-
Notifications
You must be signed in to change notification settings - Fork 1.2k
Description
Preamble
Transport-agnostic Resumable Requests
Authors: Jonathan Hefner (jonathan@hefner.pro), Connor Peet (connor@peet.io)
Abstract
This proposal describes a transport-agnostic mechanism for resuming requests after disconnections. Using this mechanism:
- Clients and servers can disconnect and reconnect without losing progress.
- Servers can communicate expire-after-disconnect timeouts and reclaim resources thereafter.
- Clients can check request status after disconnect without having to fetch undelivered messages.
- All of the above works regardless of transport (HTTP, WebSocket, stdio, etc.).
Motivation
- Addressing limitations of resumability when using the Streamable HTTP transport.
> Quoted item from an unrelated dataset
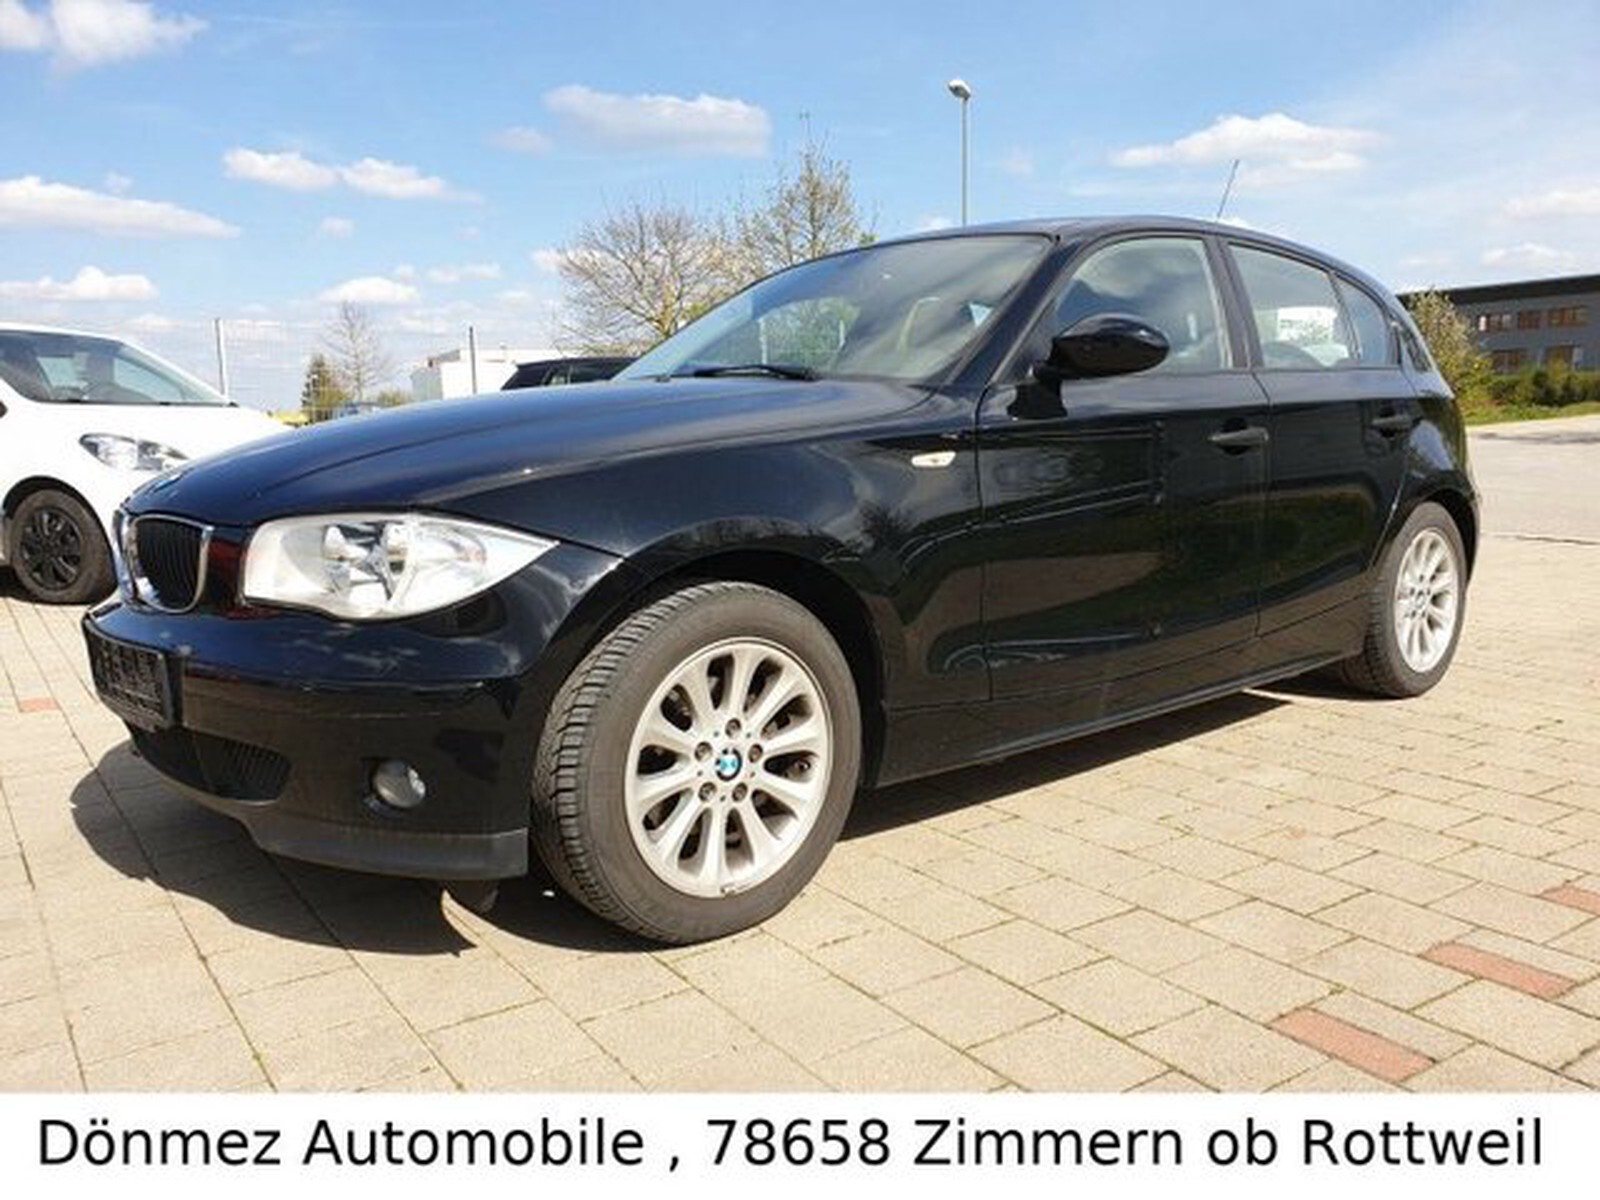 Bmw 116 Used Buy In Zimmern Ob Rottweil Price 4490 Eur Int Nr 223 Sold

- SSE-based resume requires the server to send at least one event in order for the client to obtain a
Last-Event-ID. If a connection is lost before an event is sent, there is no way for the client to resume the SSE stream. This is especially problematic because the spec currently says that disconnection should not be interpreted as the client cancelling its request. - The spec does not indicate whether a server can delete previously missed SSE events once they have been confirmed delivered by a resume. The spec could explicitly allow this, but resuming is done via HTTP GET, and HTTP GET requests should be read-only.
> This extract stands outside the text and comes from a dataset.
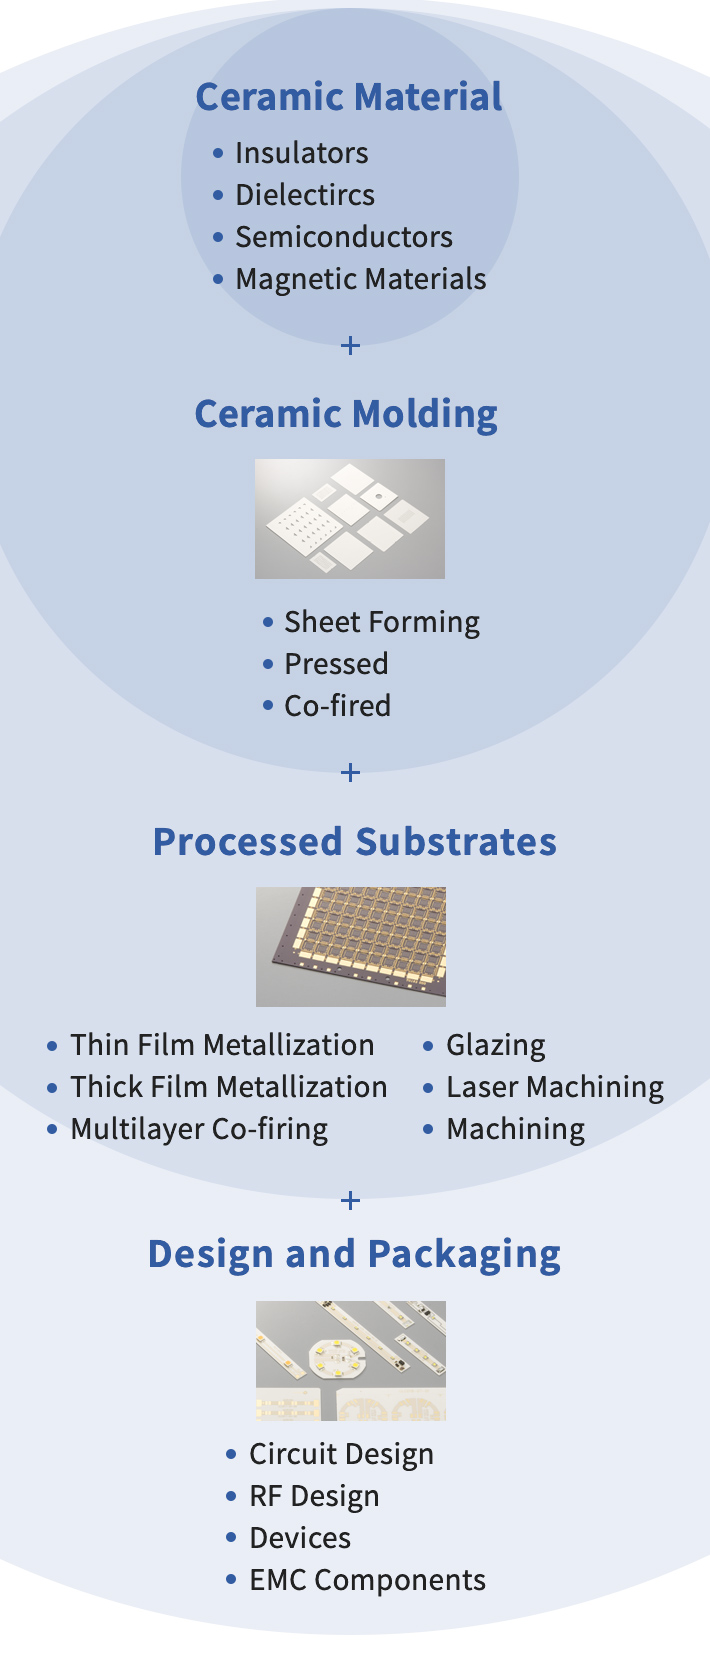 Ceramics Technology as Our Technology Core”

- There is no mechanism for a server to communicate that it will expire a request after a certain duration of client inactivity.
- SSE-based resume requires the server to send at least one event in order for the client to obtain a
- Extending resumability to other transports.
- Because resumability is defined by the transport layer, the burden of creating new or custom transports is higher.
- If each transport defines its own version of resumability, it is more difficult to develop MCP features without accounting for (or relying on) the nuances of a particular transport.
- Enabling robust handling of long-running requests such as tool calls.
- The spec does not allow servers to close a connection while computing a result. In other words, servers must maintain potentially long-running connections.
- There is no mechanism for a client to check the status of a request after disconnection without having to fetch undelivered messages.
Specification
See #925 for full documentation.
- If a client has advertised the
resumableRequestscapability, a server MAY send anotifications/requests/resumePolicynotification when responding to a request. The notification will specify the resume policy for the request in the event of disconnection, and will include a token that the client can use to resume the request. - After the resume policy is sent, both the client and the server MAY disconnect at will. This allows servers to handle long-running requests without maintaining a constant connection.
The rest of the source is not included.